2014, d. Tristram Shapeero - AmazonPrime
Robin Williams. Joel McHale. Lauren Graham. Candice Bergen. Oliver Platt. Clark Duke. Wendy McLendon-Covey. Tim Heidecker. All of them, good to great comedic actors...some are legends. Yet, somehow, these performances feel like community theatre.
There are jokes intended here, and comedic set pieces, and yet every single one of them falls kind of flat. Director Shapeero has directed over a hundred hours of amazing television comedy before (and after) making this film. Community, Parks and Rec, Peep Show, I'm Alan Partridge, Brass Eye... the man knows funny. So why did he try to make, instead of a flat out comedy, something more akin to a scripted mumblecore family drama?
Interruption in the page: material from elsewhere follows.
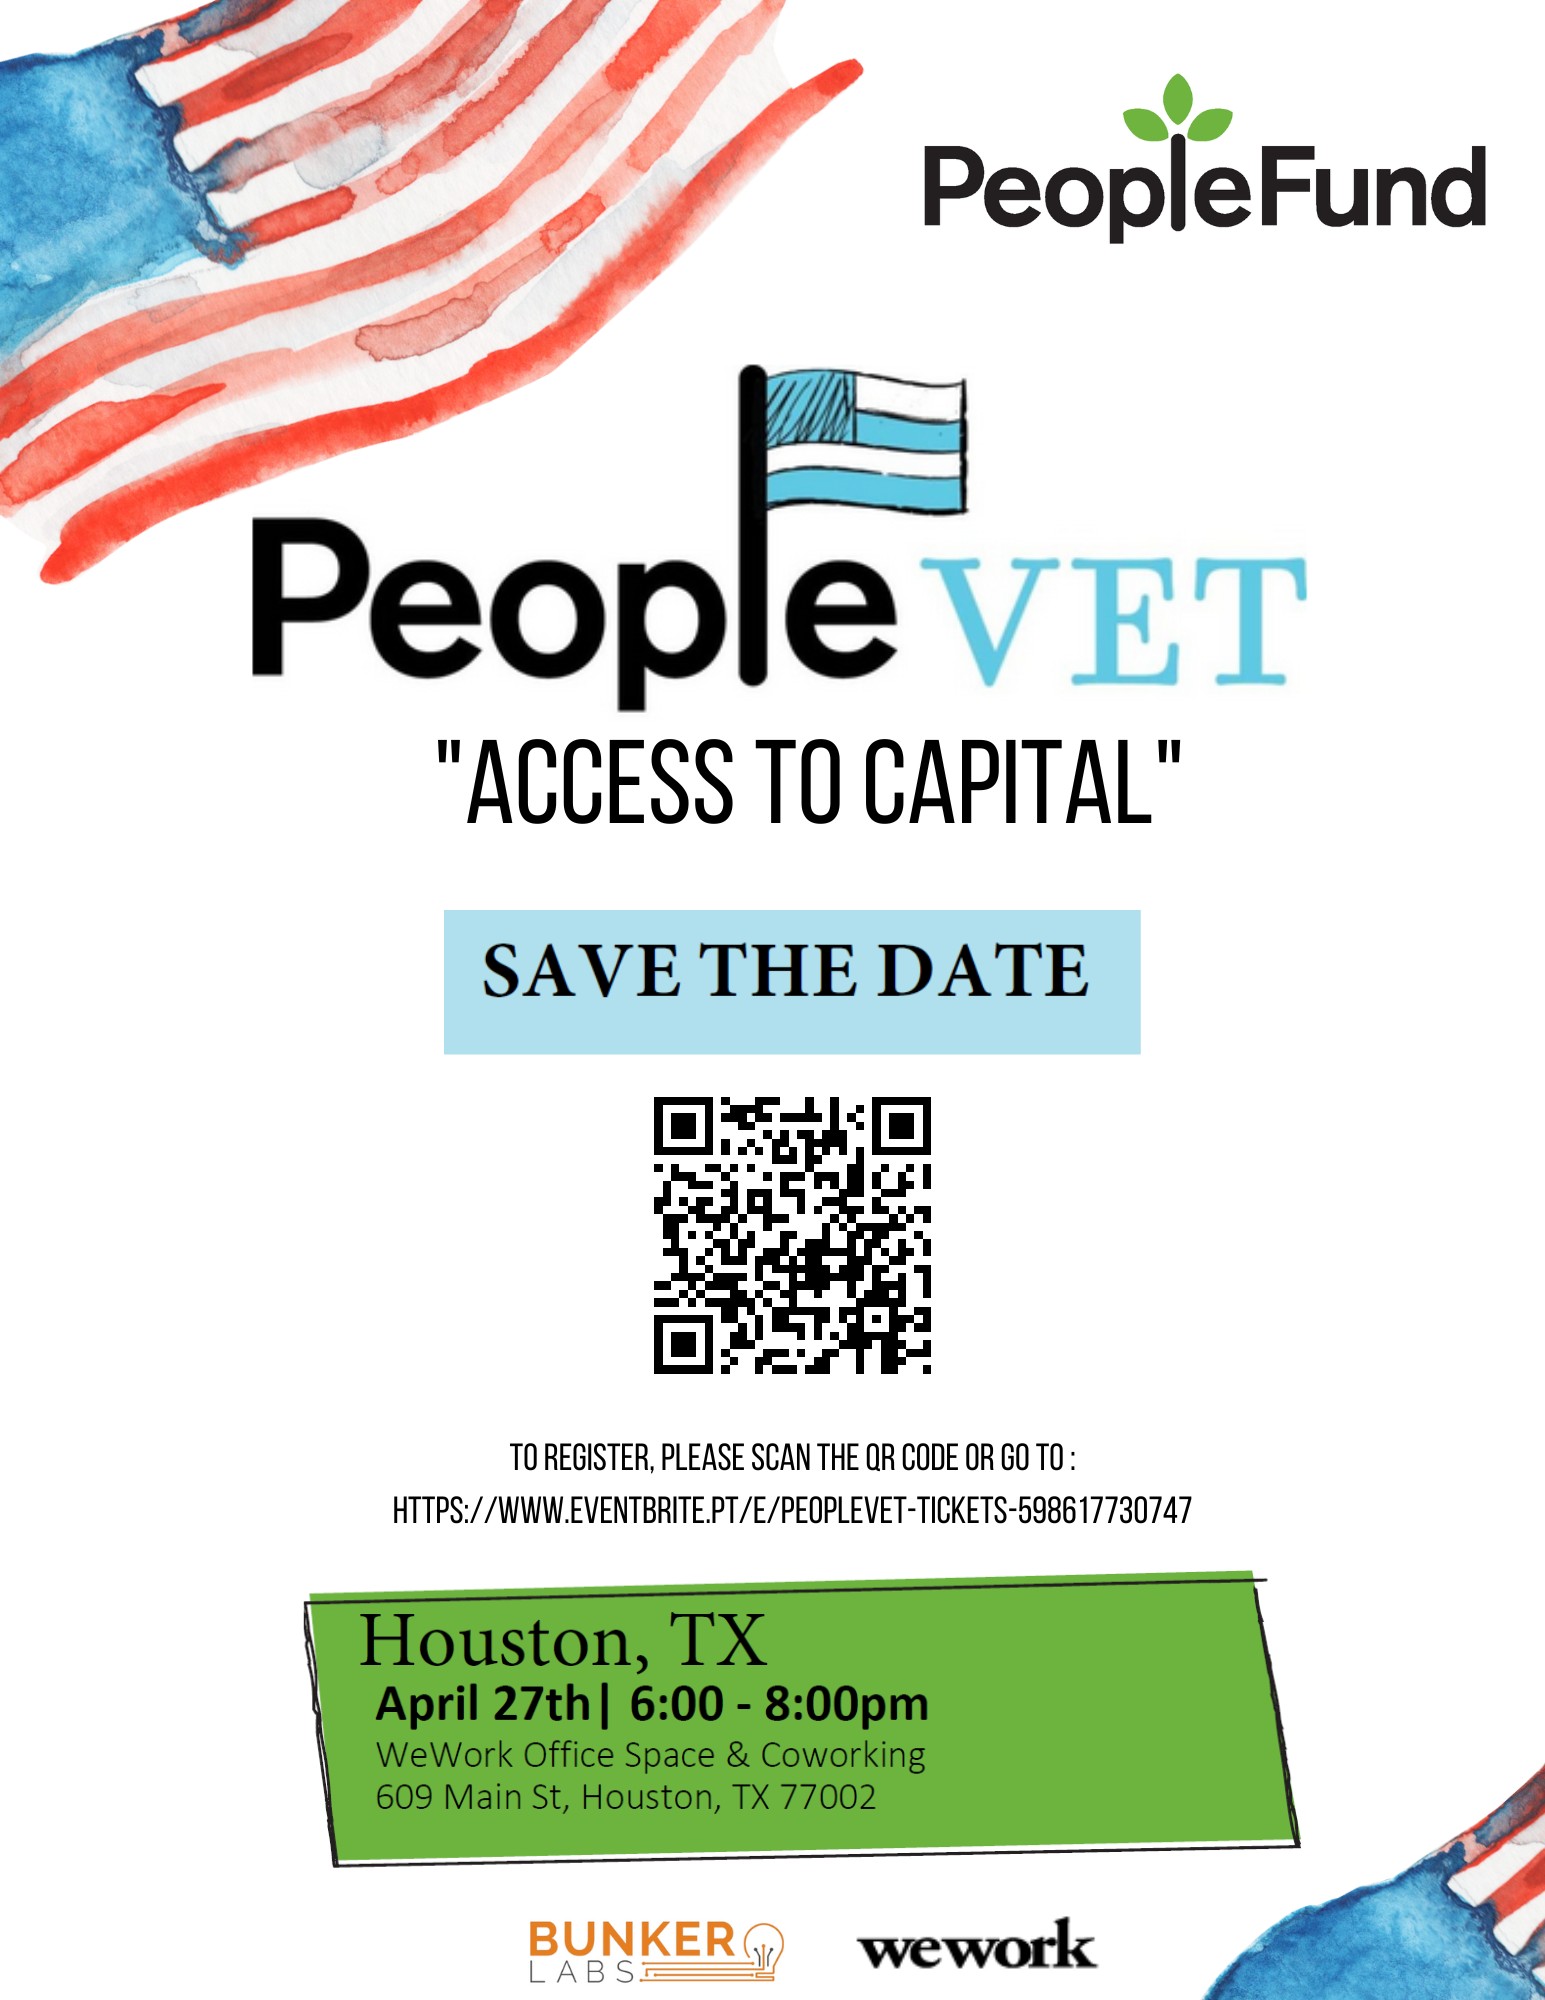 Access to Capital - People Vet flyer

I can't say it's a great script (from Wreck It Ralph creator Phil Johnson, as "Michael Brown"), but it's clear all the beats here were meant to be comedic, with just a few little scattered notes of resonance, all leading to the climactic scene where a father and his two adult sons start discussing the best way of getting rid of a hobo Santa they accidentally ran over...a scene that's supposed to be an absurd comedic high but played so down level as if real lives were about to be ruined. Or a scene where preteen cousins encourage the youngest of them to binge eat a jar of preserved pickles. Should be funny, but it's not, you just feel sorry for the kid. It's just a misfire at every turn.
The predecessor to the climax is an almost completely unearned moment of sentimentality and self-awareness from Robin William's hardass alcoholic racist homophobic dad character. In the typical Hollywood comedy, we're expecting the turn as the guy who hilariously says all the wrong things then finally gets a clue. But here, the tone makes it feel abrupt and out of character, both for Williams to make the pivot, and for McHale to accept it.
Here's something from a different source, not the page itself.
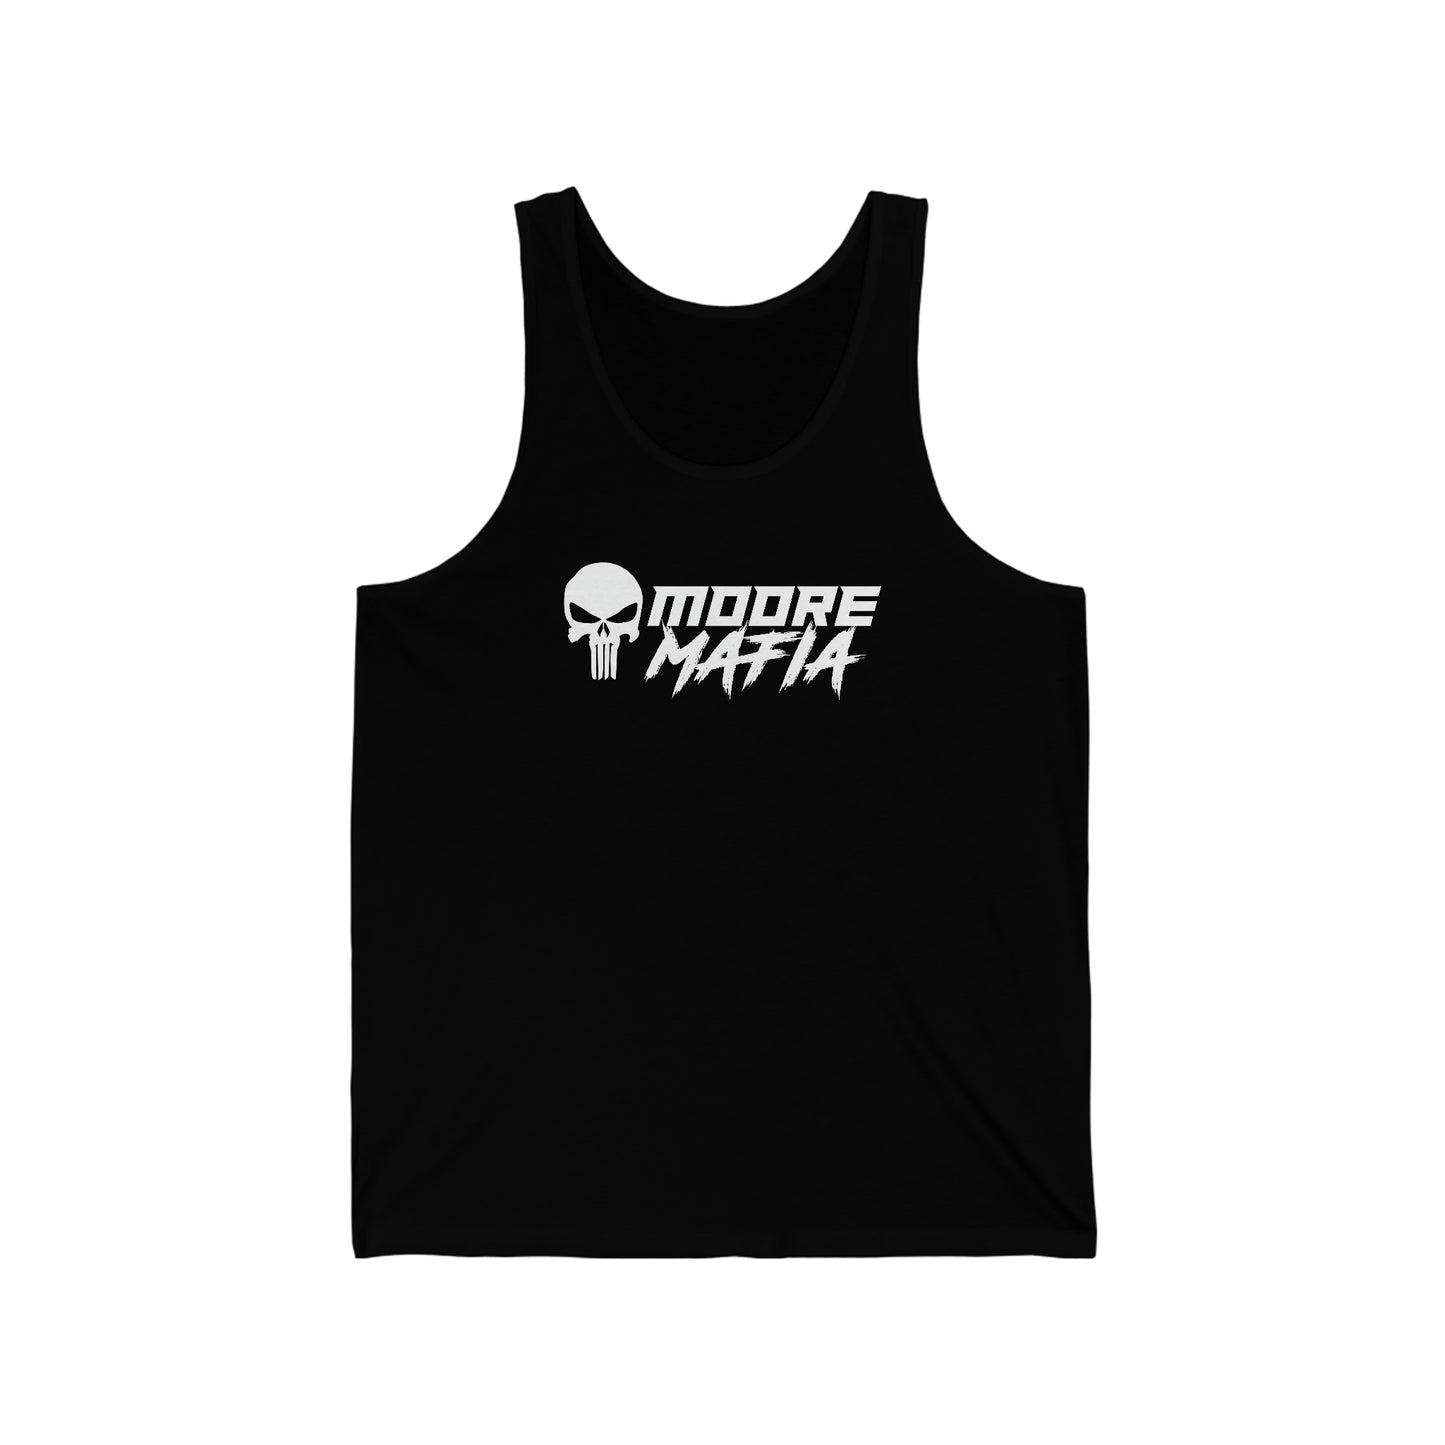 Motorcycles Are Like Strippers Unisex Tank

If there's something good here, it's the score from Ludwig Goransson, who had plenty of practice at Christmas compositions with the Community holiday episodes. As well, the closing credits song, "More Than I Wished For" by FM Radio just got added to the holiday mix. It's great.
From the abysmal critics and viewer scores and ratings this film has I was expecting it to be offensively bad, a thoroughly unpleasant experience, one pushing its comedic extremes to bad taste levels such that I would have to force myself to stomach my way through... but it wasn't that. It went the other way and almost didn't strive for comedy at all, despite everything and everyone being all set up for it, and so it was curiously puzzling, and maybe a little boring as a result. It's just an unfortunate movie.